Here’s a small sampling of what Sharda and her research assistants learned about the unprecedented pressures foster parents weathered during the COVID shutdown. Some study participants were frustrated when agency offices closed and regular home visits were not occurring. Suspension of court operations created even more uncertainty than usual about how long a foster child would stay. Some felt uncomfortable monitoring children’s Zoom meetings with parents or providing hands-on help with, say, occupational therapy during children’s online sessions with specialists. They missed support groups. Some who isolated from their own nearby parents to keep them safe missed the help they’d previously provided. Some felt their agency didn’t care enough about their family’s safety.
Infusing all that were experiences foster parents shared with parents more broadly: the sudden addition of new, unwelcome tasks that felt overwhelming.
“I’m Lysoling my cereal boxes, for heaven’s sake,” one foster parent told Sharda. “I don’t need added stress on top of it. Like, what more do you want us to do?”

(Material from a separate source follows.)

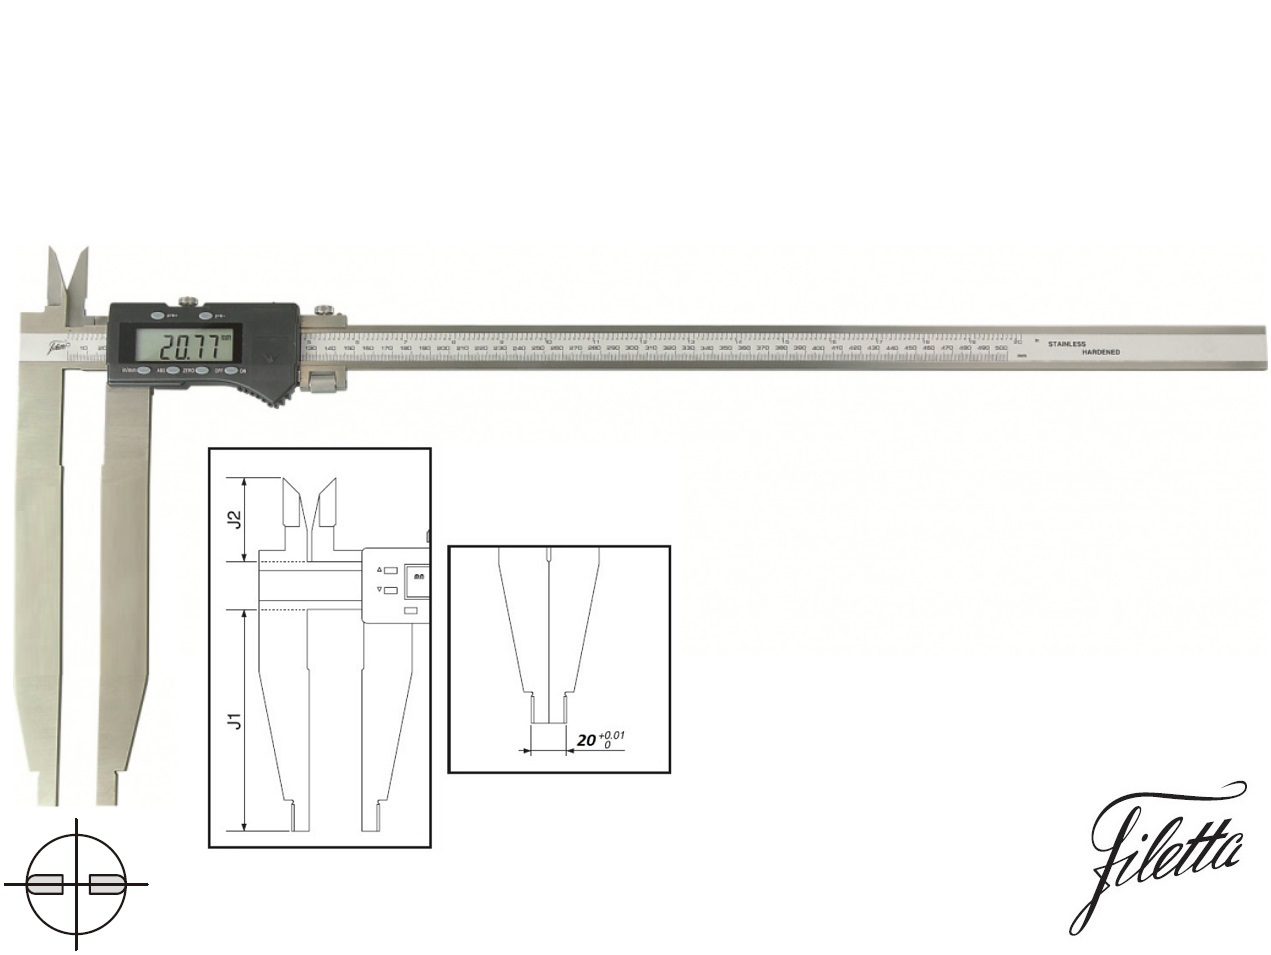 Digitální posuvné měřítko Filetta 0-1500/300 mm s měřicími nožíky pro vnitřní měření

But some foster parents also saw a silver lining. “A hopeful, positive piece is that many families mentioned actually enjoying the shrinking of their worlds. They were able to bond and get to know their kids in a different, accelerated way, because they were forced to. All the services that weren’t happening, plus all the additional stuff that kids in foster care have — all that evaporated for a while. Families mentioned that that was really sweet time — not always, but often.”
Perhaps most important to Sharda’s purpose in this research, she found that study participants drew strength from fairly simple things, like an online support group, a church providing dinner once a week, or friends alongside them in a “COVID bubble.”
Sharda and her husband have fostered nine children since becoming licensed in 2009, so she could relate to what she heard.
“We need people to talk to, bring us meals, pick our kids up at school — to send a complaining text to in the middle of the night,” Sharda says. When caring for a foster child, she and her husband lean on friends who “get it in ways that other friends don’t. We’ve got a really good village around us. That’s something that I want everybody to experience if they want to do this work.”
“Fostering can be really confusing and isolating and challenging. Those who have friends, neighbors, religious community around them aren’t as impacted by the hard stuff.”